A new provision of Art. 45 Par. 2 of ZTD sets the obligation to deliver the written statement of acceptance of the appointed procurator to remove any doubt in mutual interest for appointment and acceptance of the procurator role.

3. Additional reasons for the ban on directorship appointment and introduction of the register of persons banned from being company directors

Rules and conditions regulating when a person cannot be a company director have always been in force. However, they always focused on local, i.e., the reasons for the ban had to have occurred in the Republic of Croatia. If e.g., a person had a white-collar crime verdict in Austria, it didn't affect their right to be an appointed director in Croatia. Considering the general globalization of business and especially Croatia’s EU membership (freedom of establishment), the directorship ban rules are being widened to cases when they exist in other countries.

Additionally, even though the conditions defining the (in)ability to be a company director were clear, it was almost impossible to check the truthfulness of the newly appointed director's statement on the inexistence of potential exclusion reasons in practice. The only way to determine if the law was breached by the appointment of a director who did not satisfy the conditions for the appointment was by someone filing a report based on personal findings of facts.
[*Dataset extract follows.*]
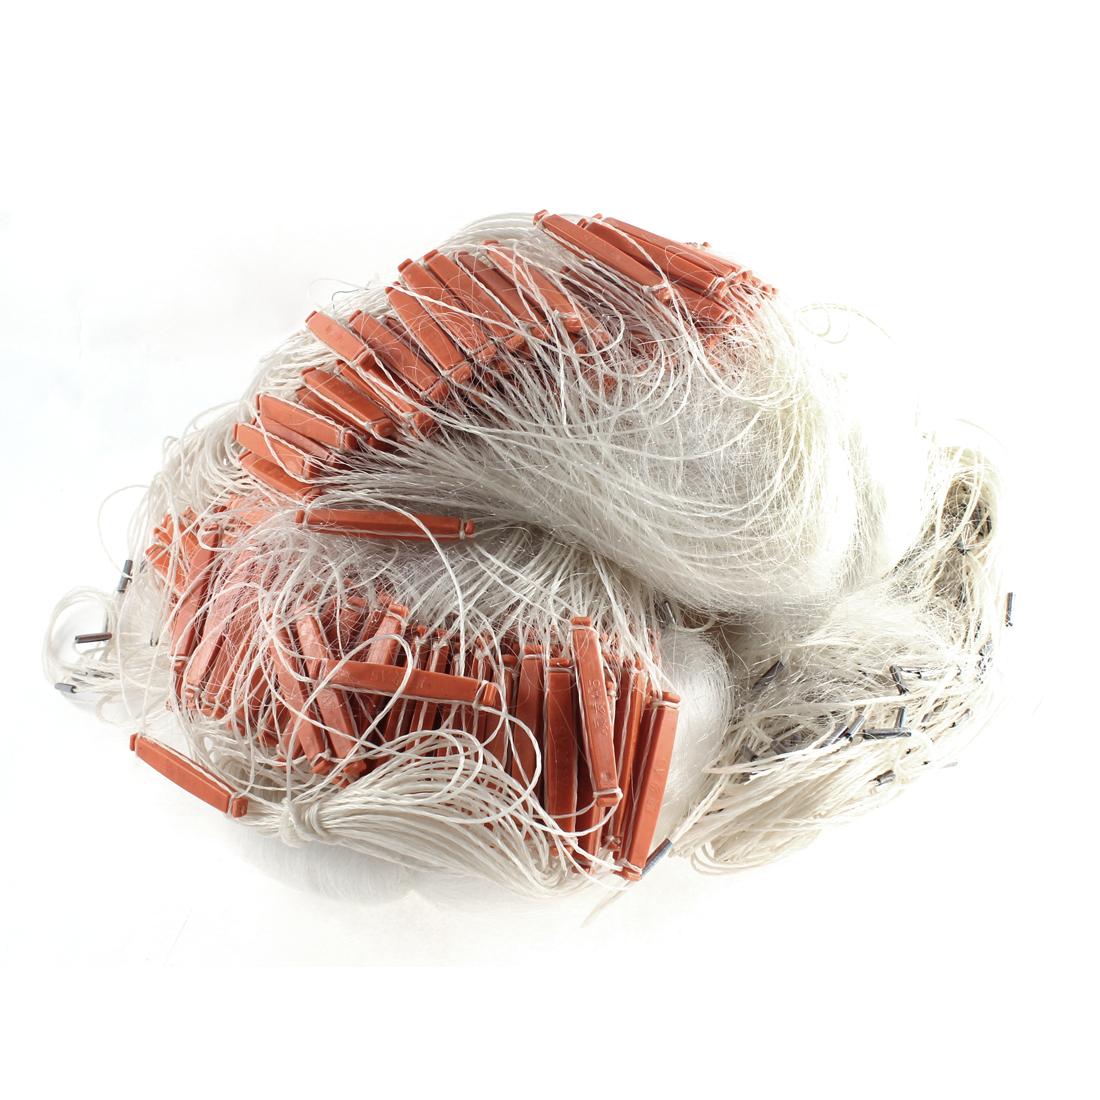 Monofilament Gill Net Fishing Angling Tool 3cm x 3cm Mesh Hole 50mx2m White

From now on, the Croatian Ministry of Justice and Administration will, in cooperation with the court registry, form and manage a register of persons banned from directorship appointments. It will be possible to use that register at the moment of the person's appointment or the moment of registration at the latest. Therefore, if you have been banned from being a director in Croatia or some other country, consider the possibility that your name will flash on the screen of the public notary or the registrar, and your dreams of being a Croatian entrepreneur will be shattered.

4. Where do we archive the books and records of dissolved businesses, vol. 455

After many years in which it was expected from the courts to be warehouses and to archive books and records of companies that ceased to exist (and where the courts justifiably rejected to fulfill the said obligation as they had no physical capacity to store such amounts of documents), and then the unsuccessful attempt to give that task to the Croatian Chamber of Commerce (which never came to life), the new „guardians of the archive“ should become „persons providing services of archiving business books and records.“ That implies the archiving is being moved from the public into the private sector. Moreover, it is now explicitly mentioned that the archive can be kept digitally, as that is the most prevalent way of archiving historical documents in this day and age. It appears we finally found a solution, doesn't it? It does – until we arrive at the payment issues of the service. As it goes, the costs should be borne by the entity being dissolved. So, what happens if that entity has no funds to cover the fee? We honestly doubt that private service providers will be willing to archive books and records of a company that doesn’t have the money to pay, nor will it ever have. As there is no real penalty for dissolved companies not archiving in accordance with the law, we believe this saga will have its tom No. four hundred fifty-six published in the near future.

Conclusion

The current (and yet another in the sequence) mini-reform of the company law is merely a cosmetic at this moment. At the same time, the fundamental changes are expected to happen when the remaining amendments enter into force in August 2023. Those amendments will enable the remote formation of limited liability companies through a digital platform and via proxy. Also, the notaries will be able to form companies via video link. Still, a lot of time will pass until then, and that period will show us how effective will the changes coming into force this June be.